Speculation is not only something for banks, but can also help to save energy.
May it be a little bit less?
When renting a virtual machine (VM), we set up a QoS contract between the Cloud provider and the customer that specifies details about how “large” the VM should be. These contracts are called Service Level Agreements (SLAs). Violations of terms in these SLAs result into penalties the Cloud provider has to pay to the customer. So setting up the VM with the required storage, memory, CPU cores, and bandwidth shares would suffice to always guarantee these SLAs. However, a VM hardly ever utilizes 100% of all the resources that were provided when the SLA was agreed. Thus, we might ask: May we allocate less resources than agreed, but more than actually utilized at a specific point in time – and not violate SLAs?
The difference between agreeing, providing and utilizing
Let’s have a look into such a case and take storage as example (Table 1). Let’s say that we agreed to provide (at least) 1000 GB when needed. If we now only provide 500 GB, but the customer only utilizes 400 GB, we are completely fine. The customer does not even notice that we provide less than agreed! However, once the customer wants to utilizes more, let’s say 510 GB, we have to react quickly to provide what is requested unless we want to run into a violation of the SLA. In the third case, when the customer would like to use 1010 GB, we could provide more storage space (and sell it at an extra charge), but we are not obliged to do so. We are always fine, when we provide the 1000 GB. Thus, no violation in this case.
Table 1: Provided, agreed, utilized
The heavier the resource consumption, the easier the problem
As to our speculative approach, the hardest questions are “How much can we lower the provisioning of a resource without risking an SLA violation?”, and “When should we do that?”. As we found out very quickly, the answers heavily depend on the characteristics of the workload of an application, especially its volatility. Volatility describes how fast and how much a workload changes. Whereas a stable heavy resource-consuming workload is not a problem, the unstable workloads that go from low to medium or high resource consumption represent the real challenges.

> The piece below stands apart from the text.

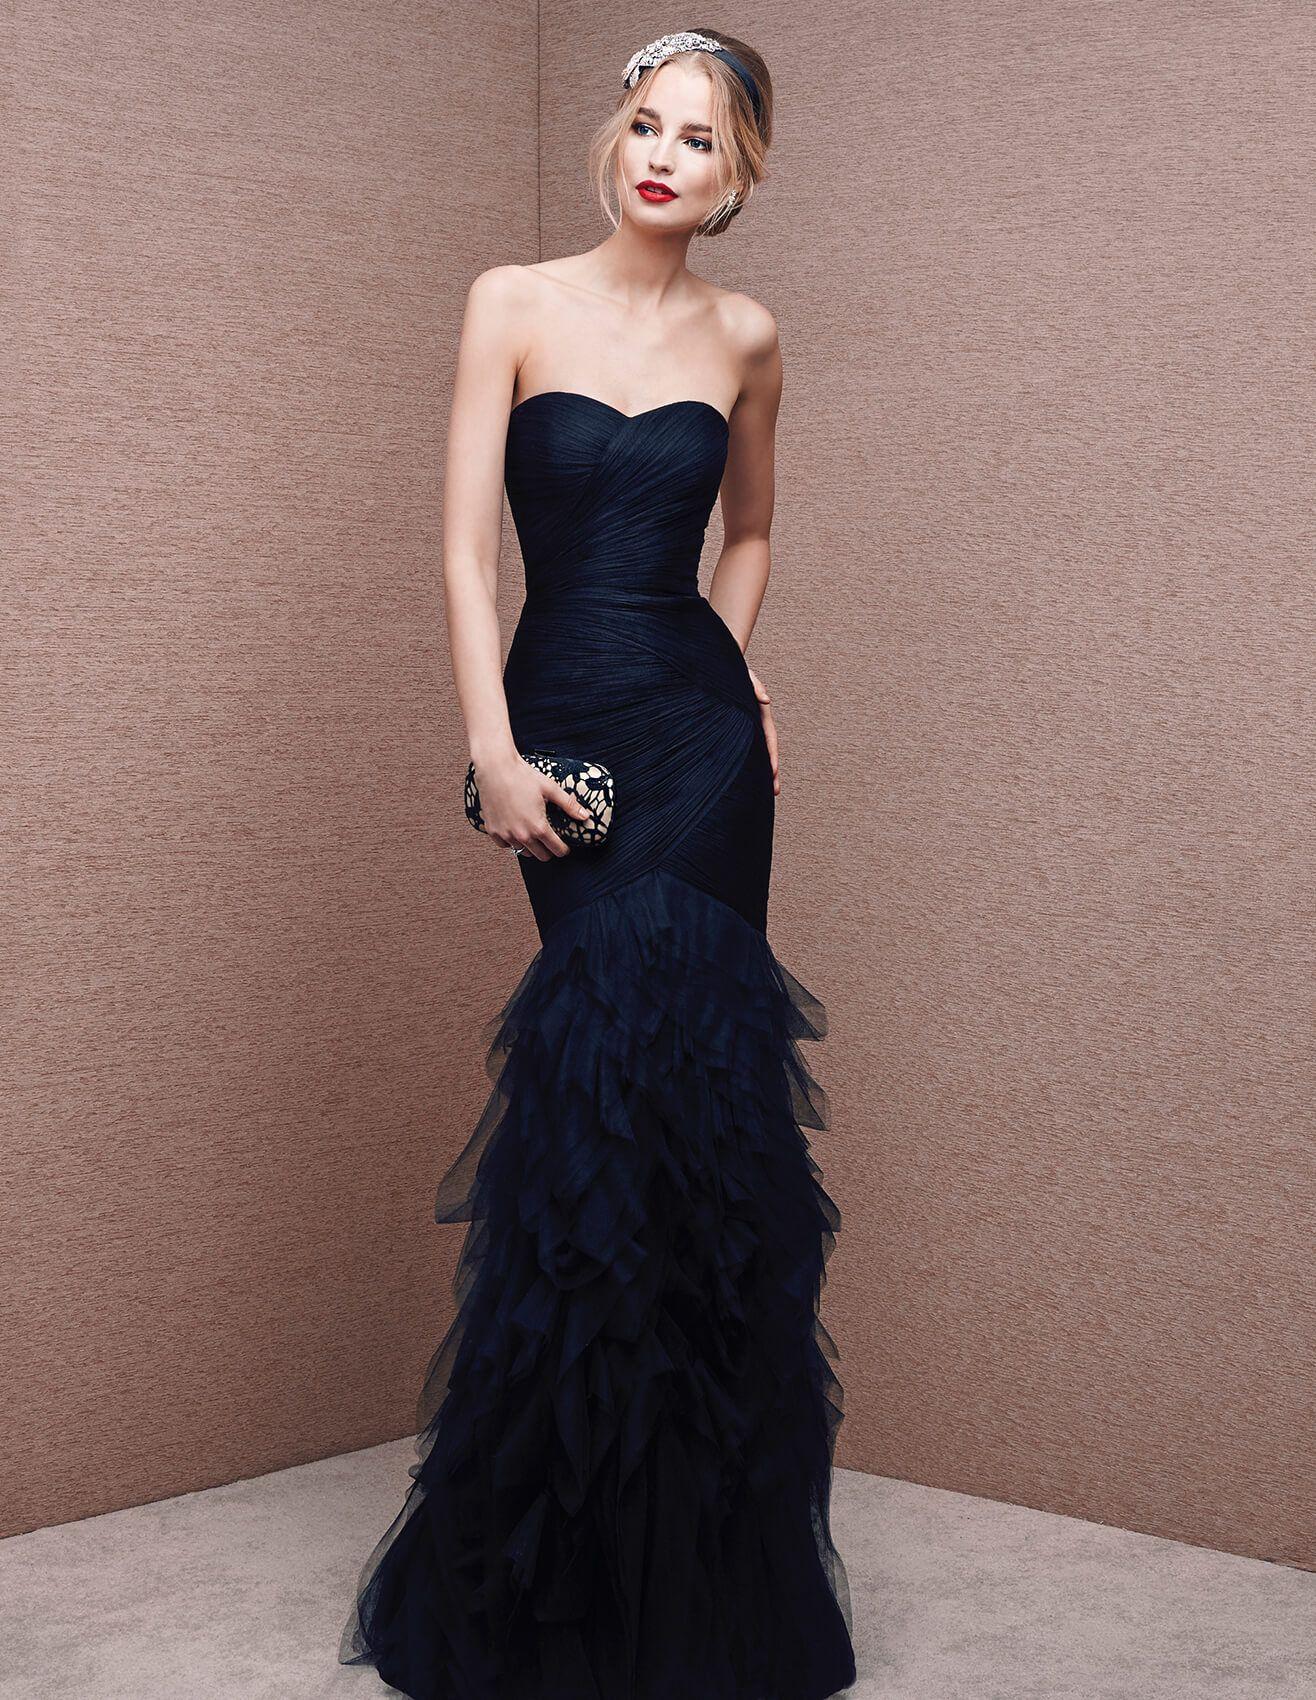 Brian black lurex dress
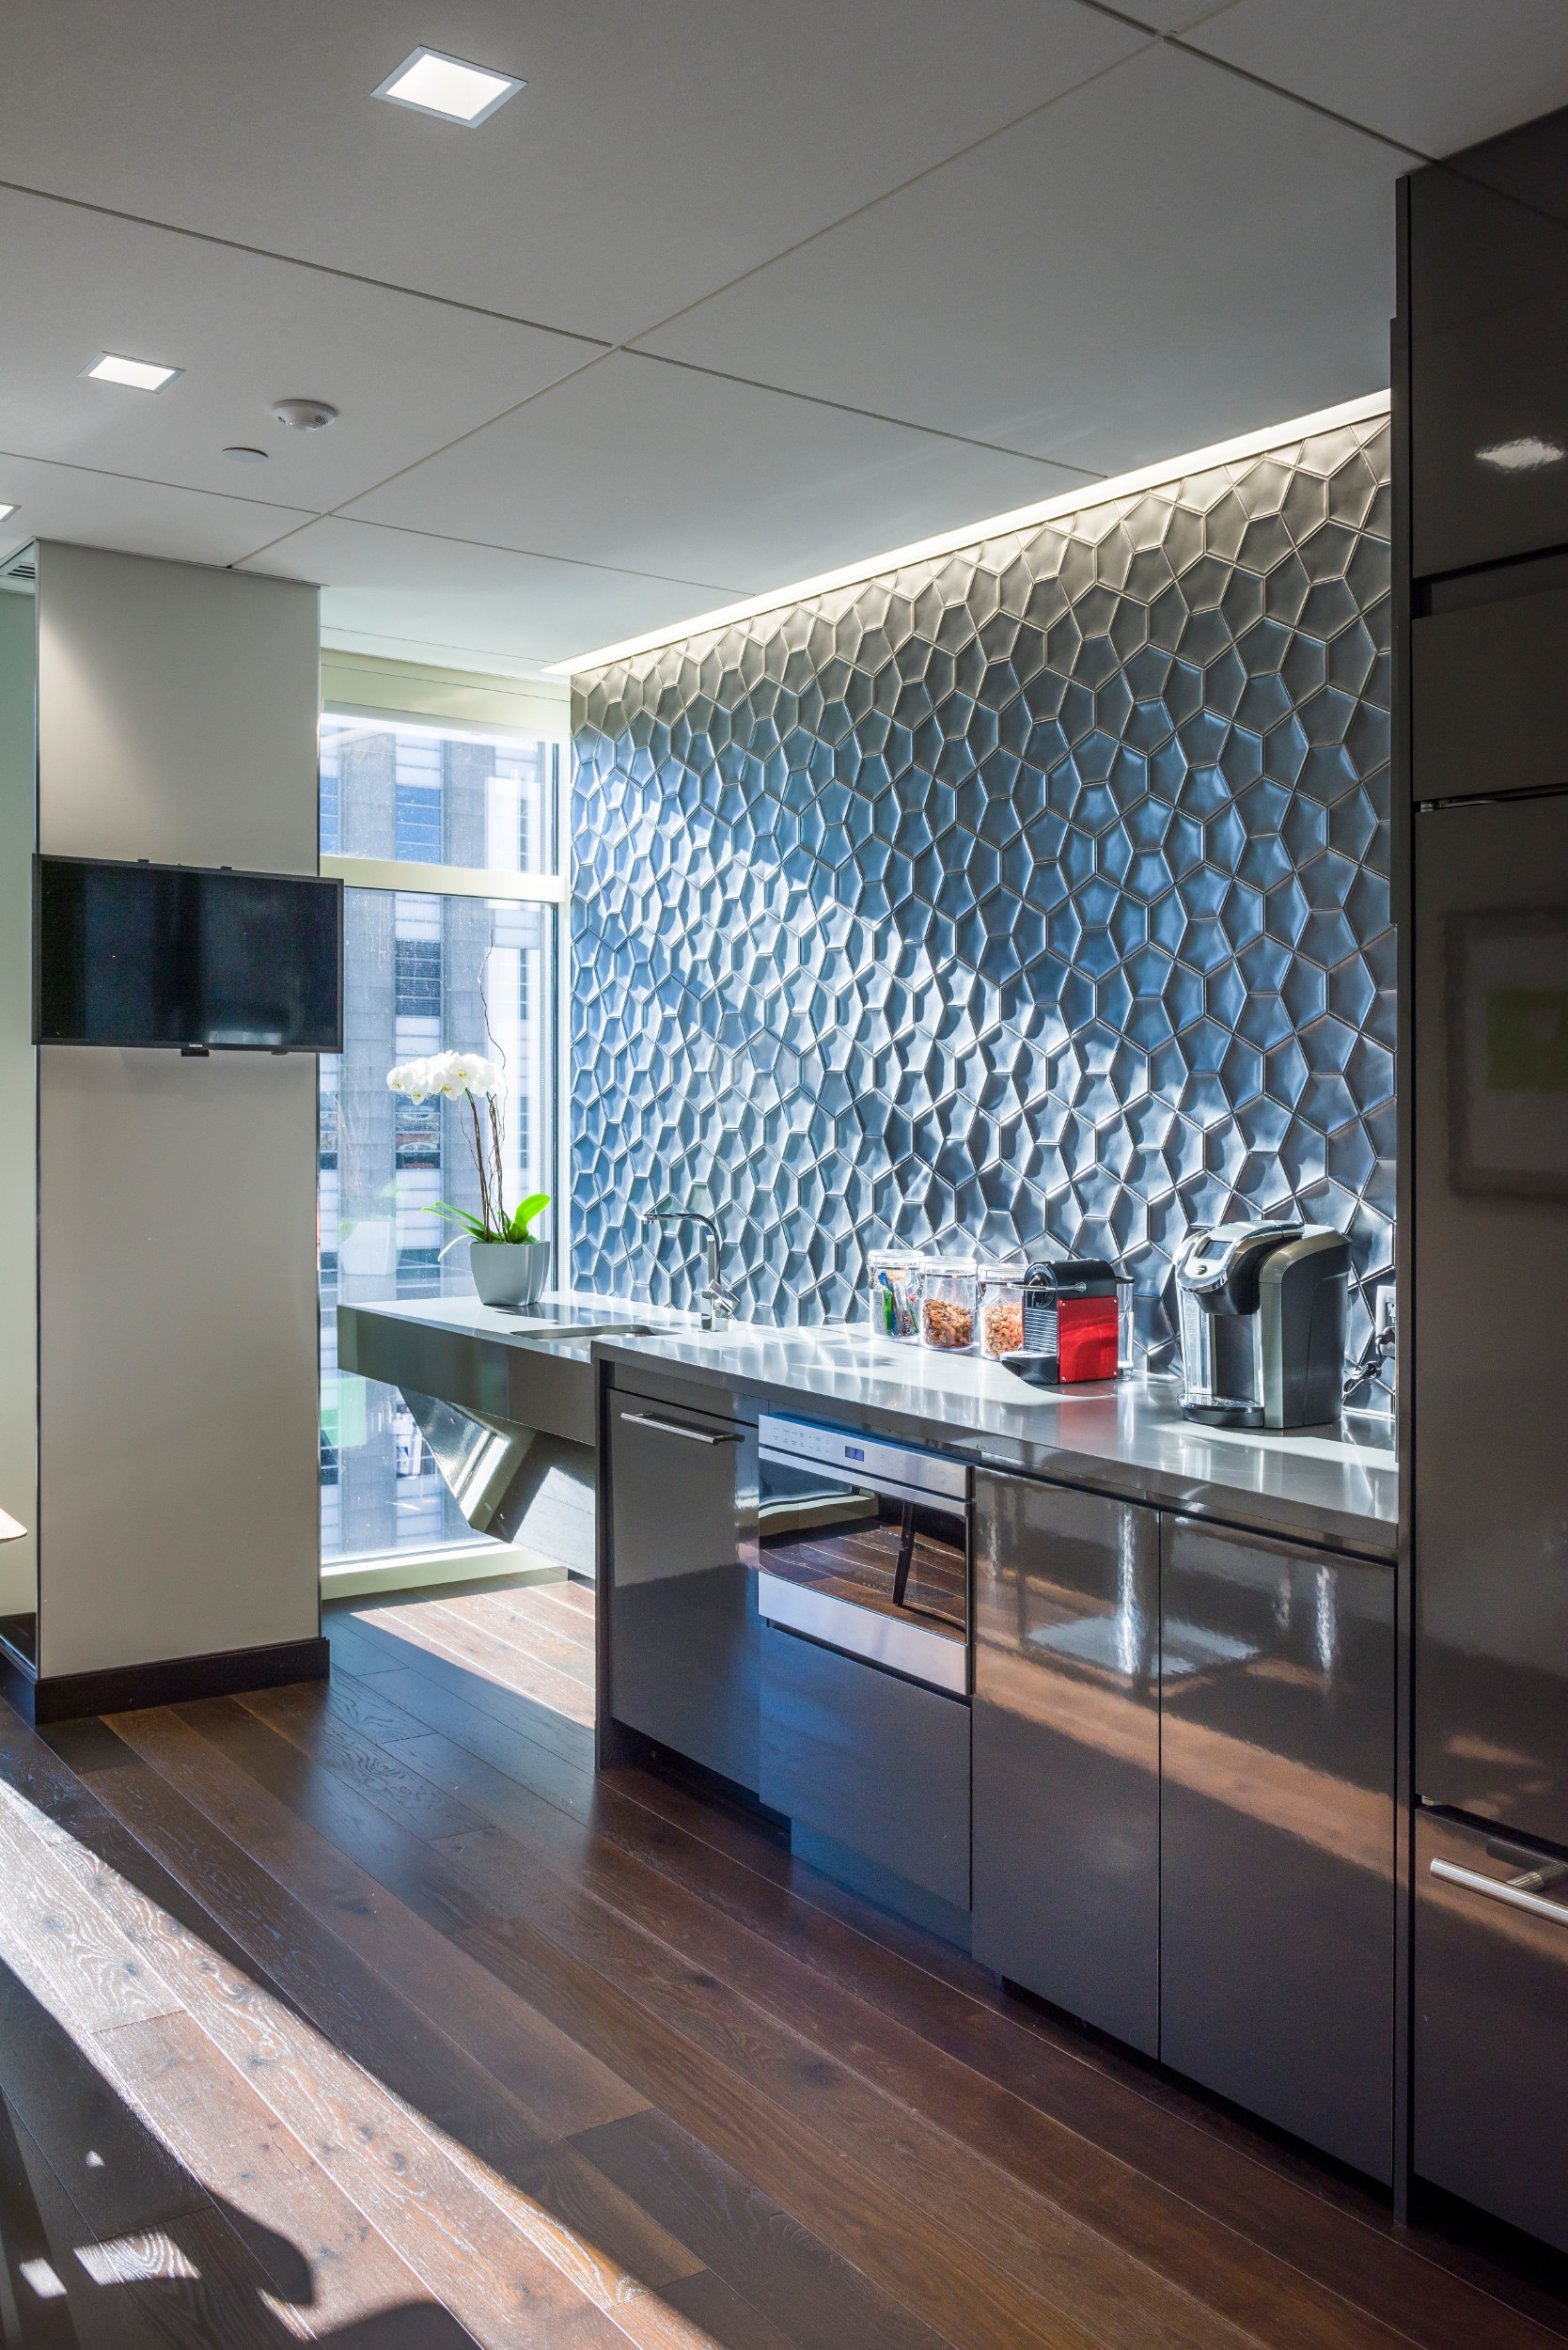 Corderman_Construction_Martignetti_Companies_Interior_Office_Buildout_Kitchen.jpg

What to do with all the measurements?
In my thesis, I evaluated several methods on how to get a reasonable value for lowering the provided resource, while my colleague Vincent Emeakaroha studied the problem on how to gather the measurements in the first place. Millions of measurements are executed every second. Thus, we had to find an efficient way to represent these measurements and to analyze them quickly.
Case Based Reasoning and Rules
One of the methodologies was Case Based Reasoning – a knowledge management technique that learns based on past experience. It stores some sample measurements together with prospective actions that improve the situation. When a new case comes along, the most similar case with the highest utility is retrieved, and the same action as in the former case is executed. This approach worked fairly well, but its knowledge base grew very large very quickly and so grew the time it took to retrieve similar cases. The most effective approach we eventually found was using a knowledge base using rules. For the implementation we used the Java-based rules engine Drools.
After my holidays you will see how the rules work in more detail. Meanwhile, you can have a look at Drools, a really neat framework that also allows to solve other optimization problems (e.g., with the additional Optaplanner, formally known as Drools Planner). At Zühlke, we have also been using Drools in a bunch of very complex real-life projects.